突然の帰国辞令を受けられる保護者の大半は、まず子供の編入先を検討なさるようです。しかし、もし子供が高校生であれば、必ずしも「帰国=編入先の検討」という流れにはなりません。高校生の場合は「単身滞在をさせるか、高校編入のために家族と一緒に連れて帰るか」のいずれかをご選択いただくことになります。今回は、その決め手となるのは何かをお伝えします。
■志望大学・学部から決める
帰国辞令を受けられた方には進路面談をご用意し、編入・単身滞在のいずれが望ましいかを一緒に検討させていただいています。その面談を経て、今年も多くの高校生が単身滞在という道を選びました。それは「高校の最終学年を海外で終えていること(在外の日本の高校は含まない)」を出願資格とする大学を目指しているからです。日本の高校に編入しても、帰国枠で受験できる大学はあるのですが、難関校(東京、京都・法、一橋、大阪、早稲田、慶応など)の人気学部については、やはり「海外の高校卒業」が出願条件として明記されているのです。昨今の就職活動では、大学名で一次試験(書類選考)の合否を決める企業も少なくないため、保護者が子供の就職を踏まえてできるだけ難関校に進学できる道を整えておくことが大切です。
■理・社、古文の学力から決める
前述の「志望大学・学部の出願条件から決める」点以外に、単身滞在を選ぶ決め手となっているのは、高校生が「イギリスで頑張って勉強してきたIB、GCE、APカリキュラムを途中で終わらせ、突然一般入試の勉強に切り替える」ことに抵抗を感じている点です。例えば国立大学を帰国枠ではなく一般で受験すれれますし、入試科目が少ない私立大学でも、やはり古文・漢文をしっかりと勉強しなければなりません。ですから、これらの科目の学習経験に基づき、理科・社会、古文・漢文の学力を一般入試のレベルまで到達させるのは現実的かどうかをご検討のうえ、単身滞在か、高校編入かをご選択ください。
■よく受けるご質問への回答
最後に、単身滞在・編入についてよくいただくご質問を紹介します。
1.単身滞在について
「単身滞在では帰国枠で受験できない大学があると聞きます。大丈夫でしょうか」というご質問を受けますが、イギリス在住の高校生が志望する大学・学部では、総じて単身滞在でも帰国枠が使えますから、特に問題はないと言って良いでしょう。
2.編入先について
「大学は帰国枠を使って受ける予定です。この場合、編入先を選ぶうえで気をつけるべきことは何ですか」というご質問については、「高校の環境以上に〈帰国枠で複数の大学を受験するために、高三の九月以降に学校を何日か欠席するのを認めてくれるか〉や〈推薦状の執筆を快諾してもらえるか〉を確認したうえで編入先を選ぶ点」であると答えています。特に書類選考重視型の大学を受ける際は、編入先の先生の理解を得て、内申書や中身のある推薦状を書いてもらう必要があります。

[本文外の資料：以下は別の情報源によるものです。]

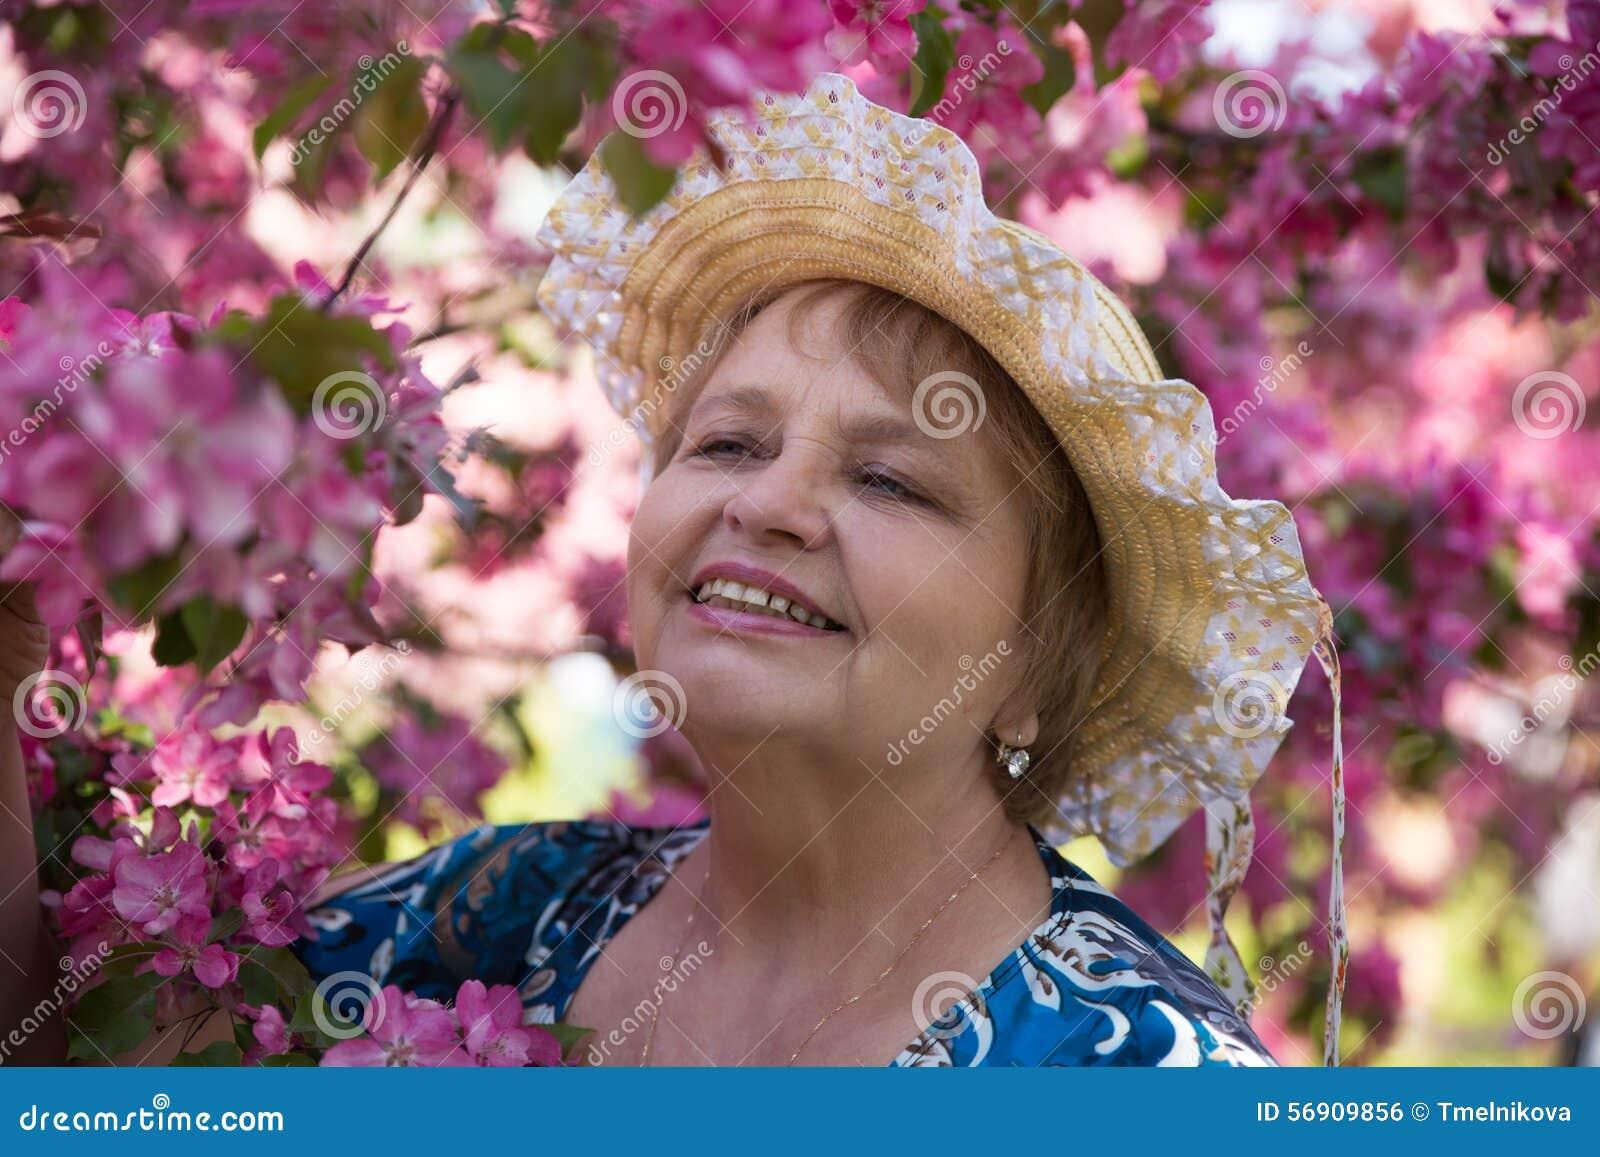 Χαμογελώντας ενήλικη γυναίκα που φορά ένα καπέλο κάτω από το ροζ

もし、大学受験が一般枠であれば、編入希望先の大学進学実績を必ず確認してください。高校により、国立・私立大学合格者の比率は大きく異なります。国立大学合格者が多い学校は、理科・社会を含む五科目のサポート体制がある程度整っていると推測できますが、国立大学の合格者が少なければ、その高校のカリキュラムは私立大学受験型(理・社以上に、英語力強化を重視するなど)である可能性があります。
3.大学のAO入試について
編入の時期に関わらず受験できるAO入試は、帰国枠に比べ倍率が高くなる傾向があります。AO入試も視野に入れている場合は、まず志望大学のAO入試の受験科目や傾向を確認しましょう。小論文は多くのAO入試で課されている科目ですが、高校現代社会や時事問題の知識がなければ書けないものが多いため、放課後に塾や予備校などで時事問題の解説授業を受けたり、高校社会の教科書を使って自分で勉強したり、社説を書き写すなどの方法で、基礎力を身につけるように努めましょう。他には、英語力の証明となるTOEFL・TOEICの受験や、願書に添付する課題作文・レポートの題材や出願資格になるボランティアをすることも大切です。